Line of sight computations provide point-to-point information on visibility by means of: (a) mapped lines ― variable coloring of a line drawn on the map between the source and target points; (b) tabulated data for the selected transect; and (c) profiles. Lines of sight may be computed from a single point to multiple destinations at regular angular intervals, providing a simplified picture of overall visibility from an observation point. However, for a more detailed picture complete viewsheds should be computed.
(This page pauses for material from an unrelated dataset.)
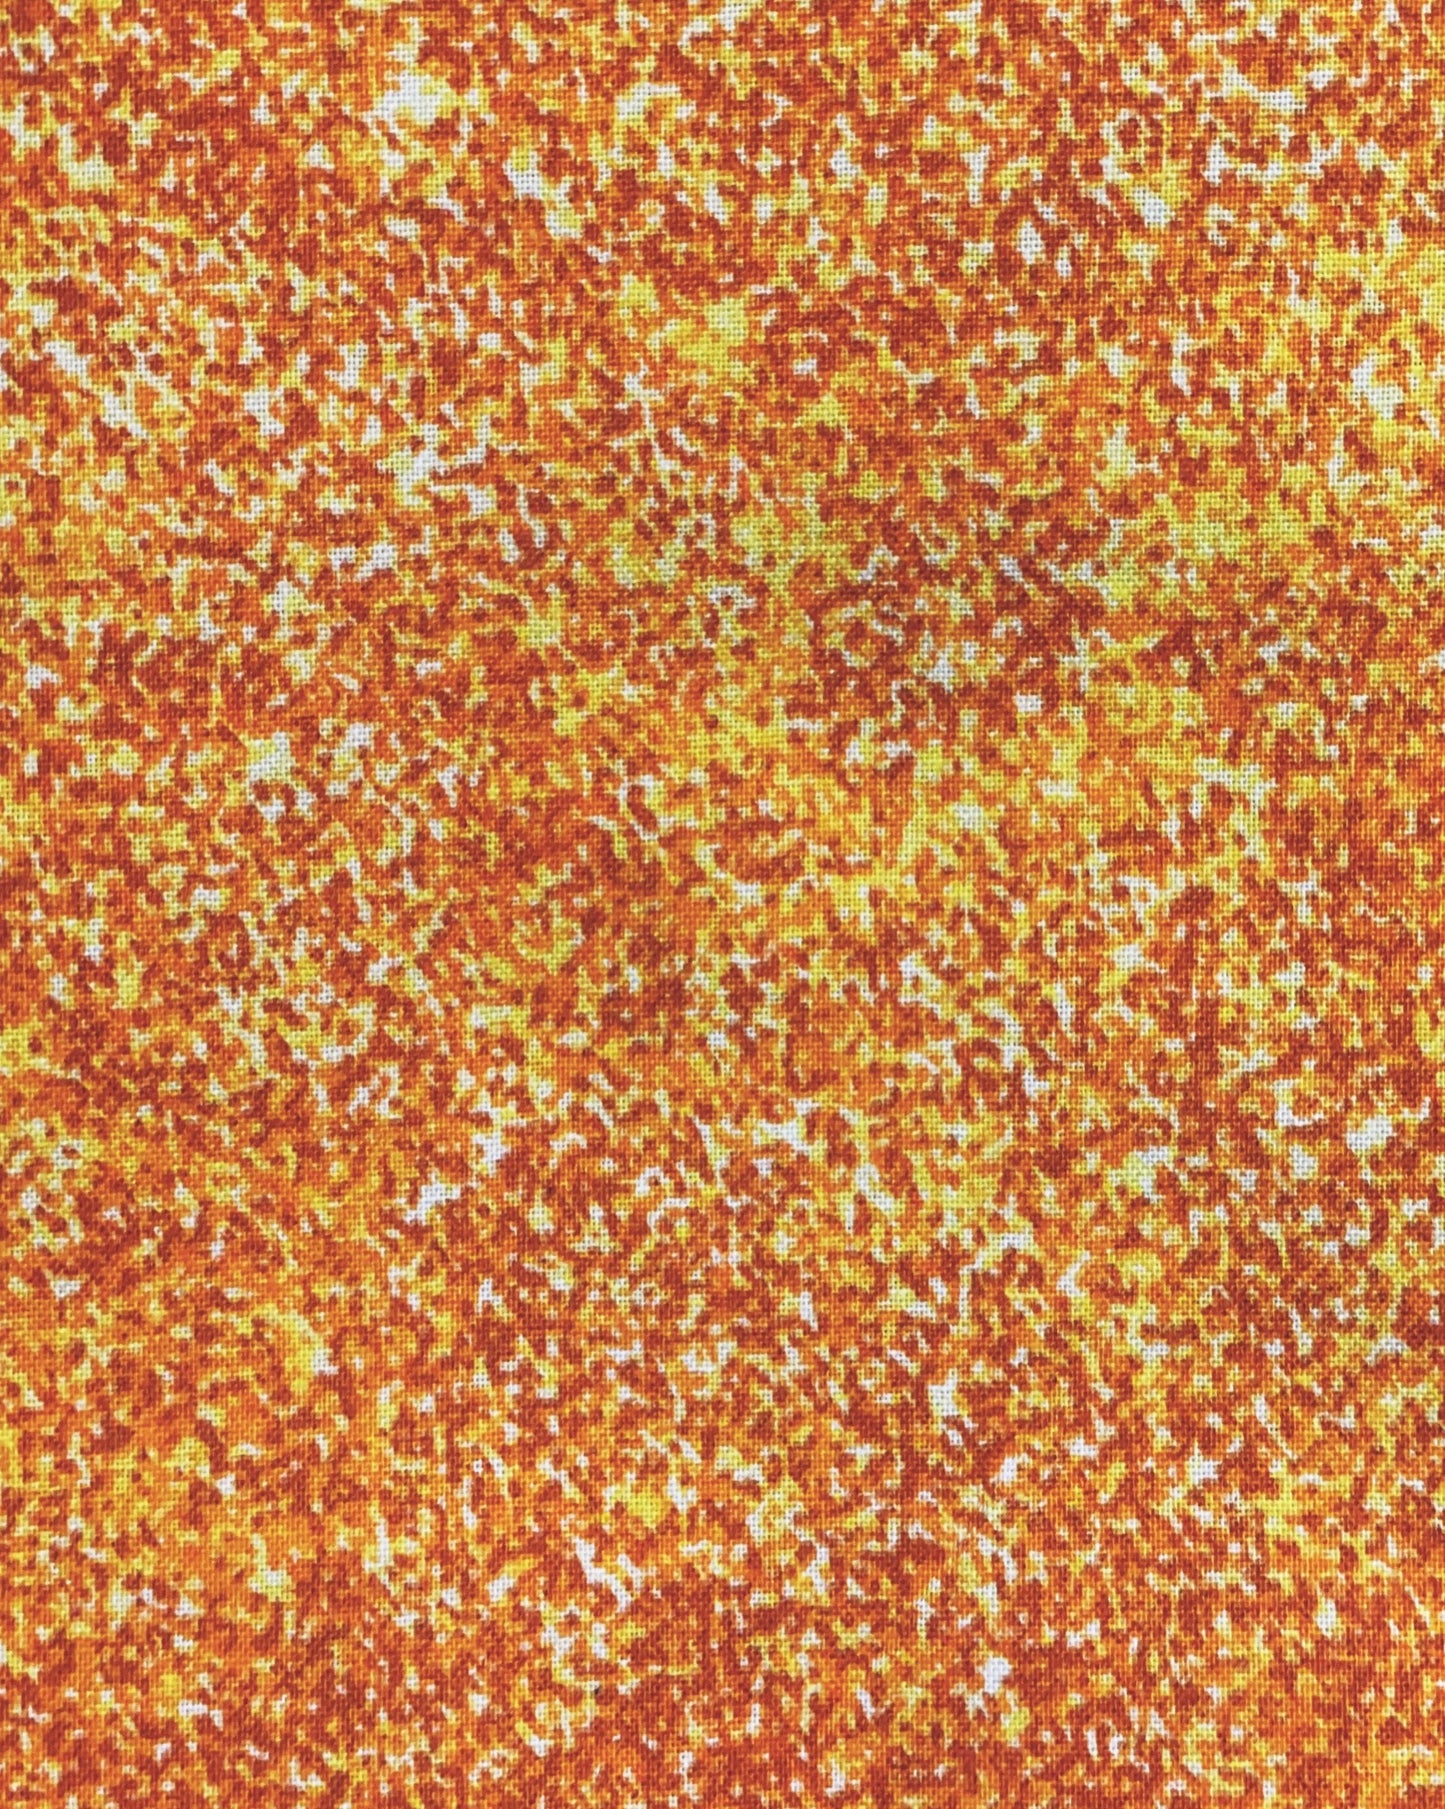 Orange sprinkles (F-4)
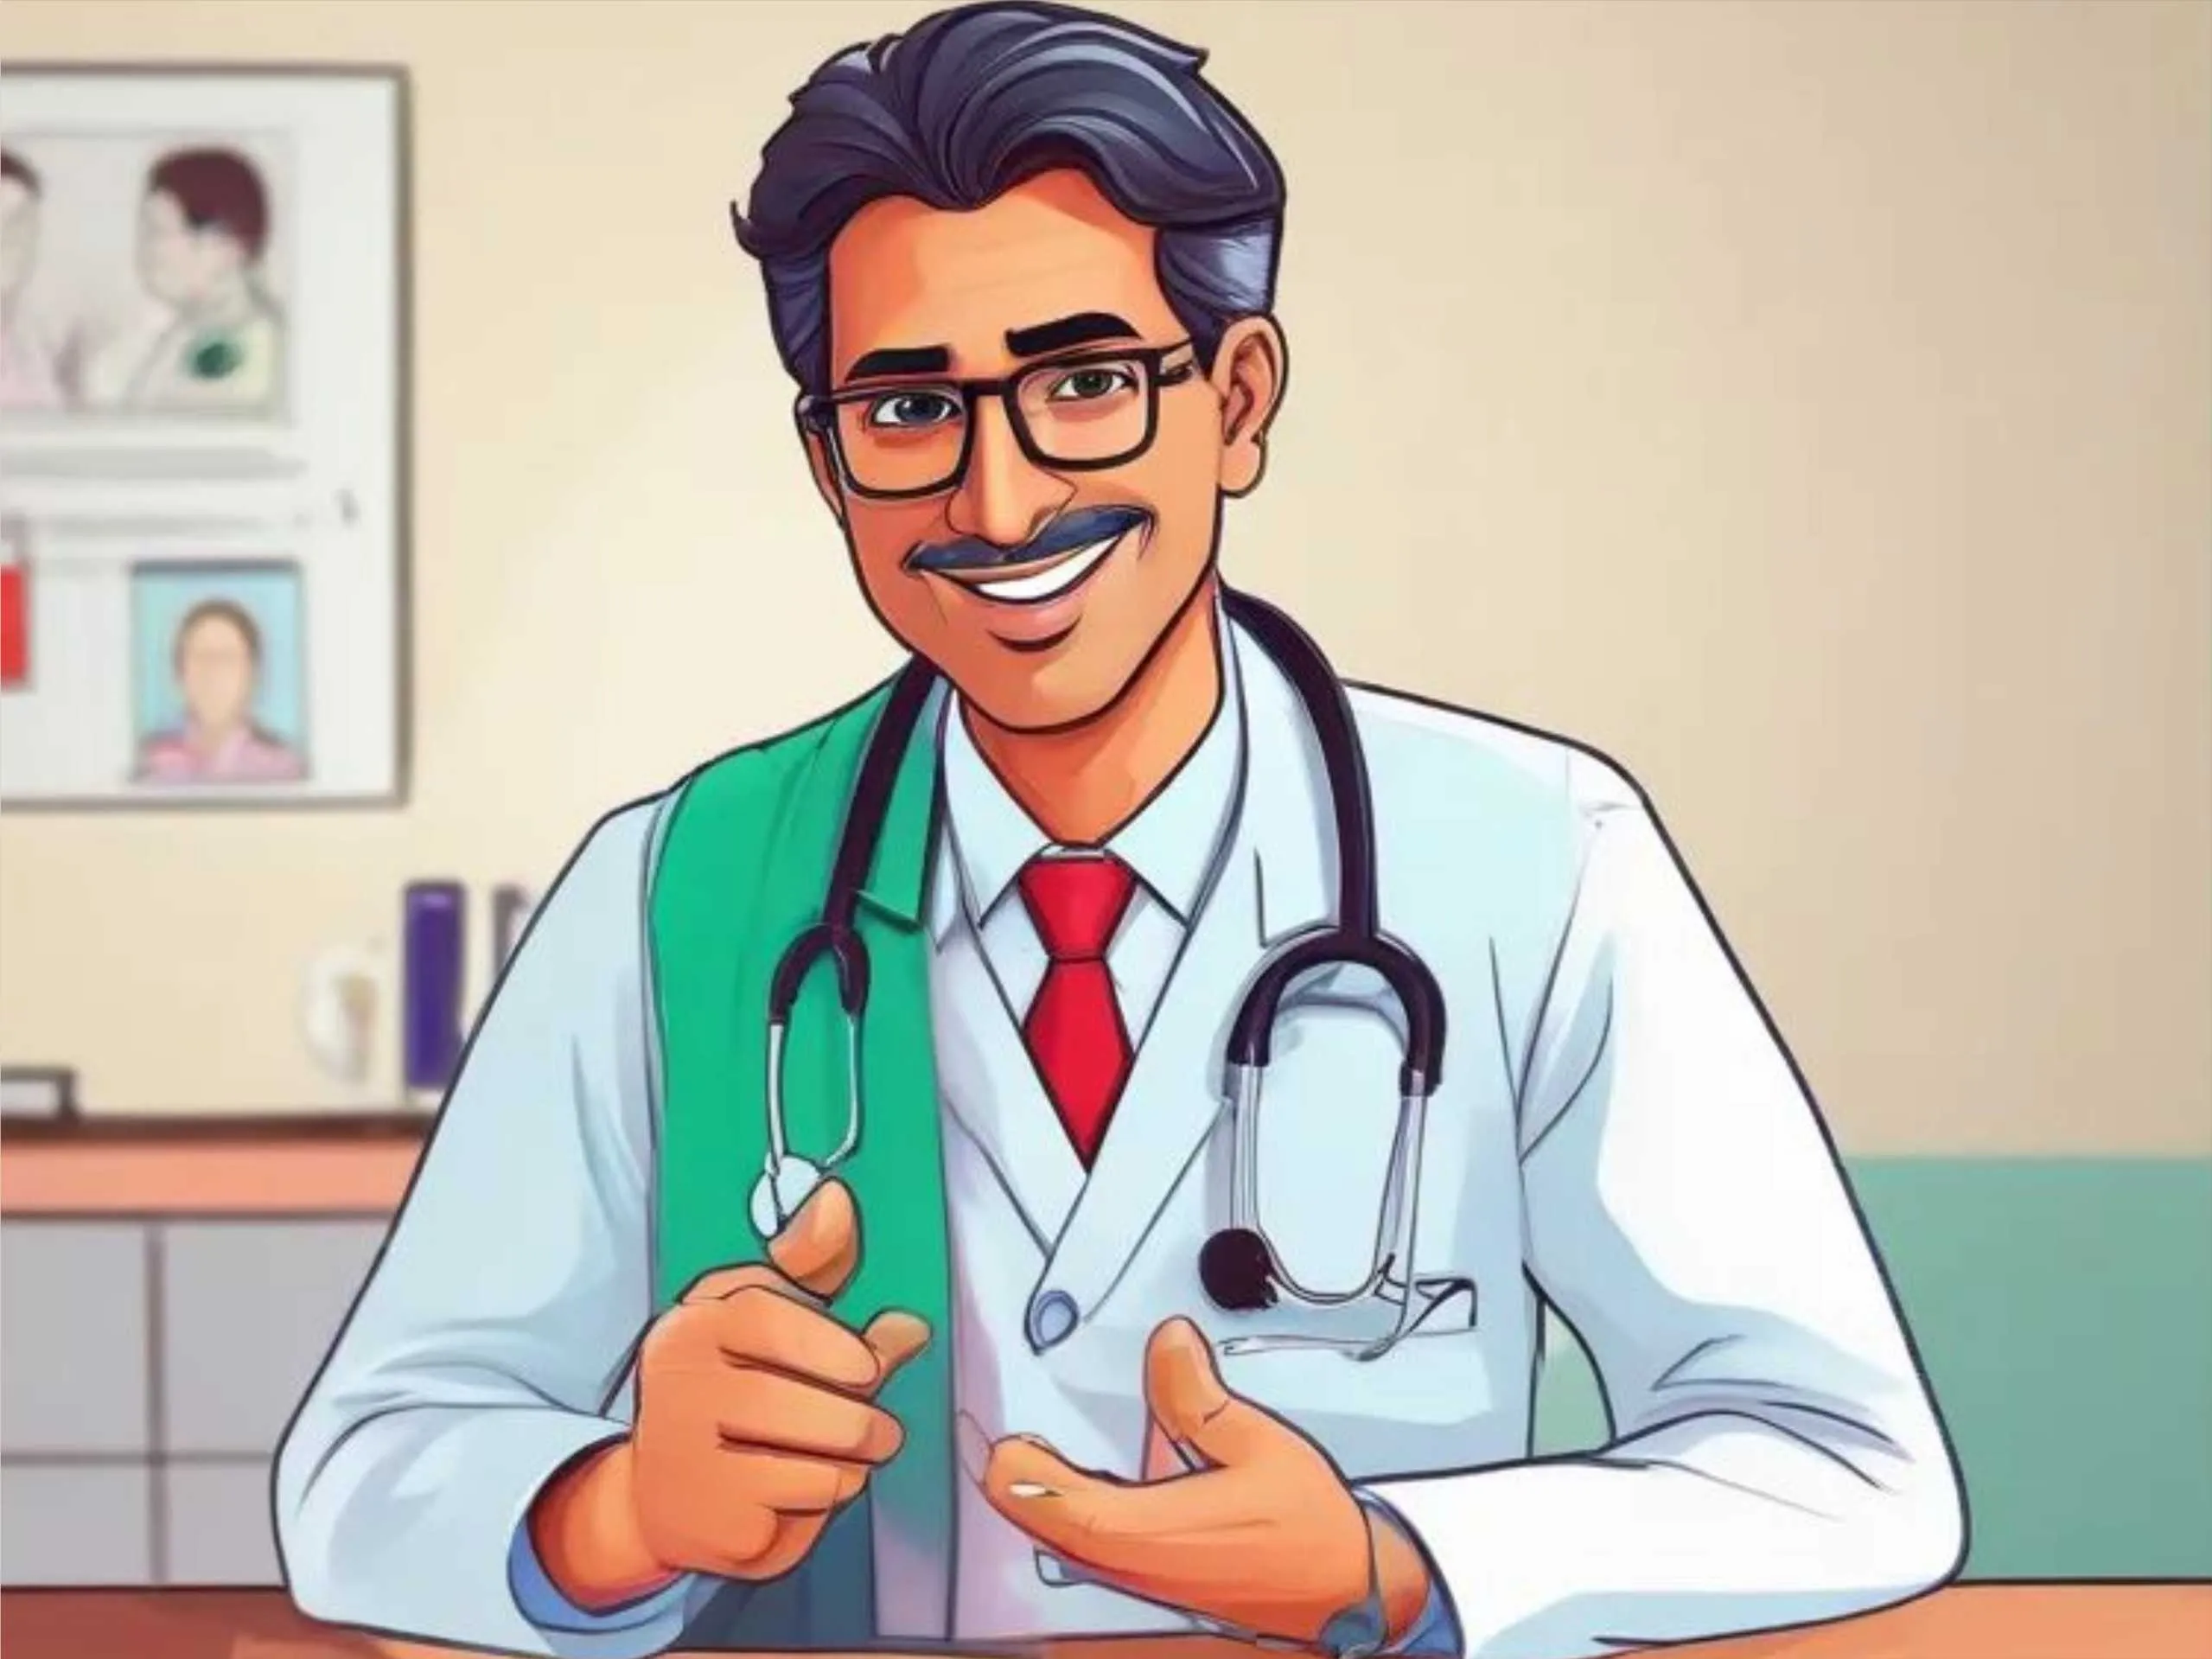 Cartoon image of a doctor

Using the example provided in Figure 6‑19A (OS TQ81NE tile) can might examine the line of sight from the proposed mobile phone mast in Figure 6‑19B to a sample point on the coast. The result is illustrated in Figure 6‑22, where the source point has an offset of 10m. Locations highlighted in red/dark gray are not visible from the source or target along this line. Again, as discussed in Section 6.3.1, with telecommunications modeling specific line-of-sight profile analysis tools are required. These include the ability to insert surface clutter such as trees, water areas and buildings, and to observe the effect of these on the signal strength and the Fresnel zones.
Some modeling packages, such as MATLab, provide a number of functions for line of sight and viewshed computation that can be combined in a variety of ways and displayed as 3D visualizations. This approach has the advantage of flexibility of both display and access to the computational details and results. An example is illustrated in Figure 6‑23, where visible areas are shown in dark blue/dark gray and visible lines of sight in yellow (white) and invisible line profiles in dotted red/gray. The computations are based on an offset from the surface of 20 meters.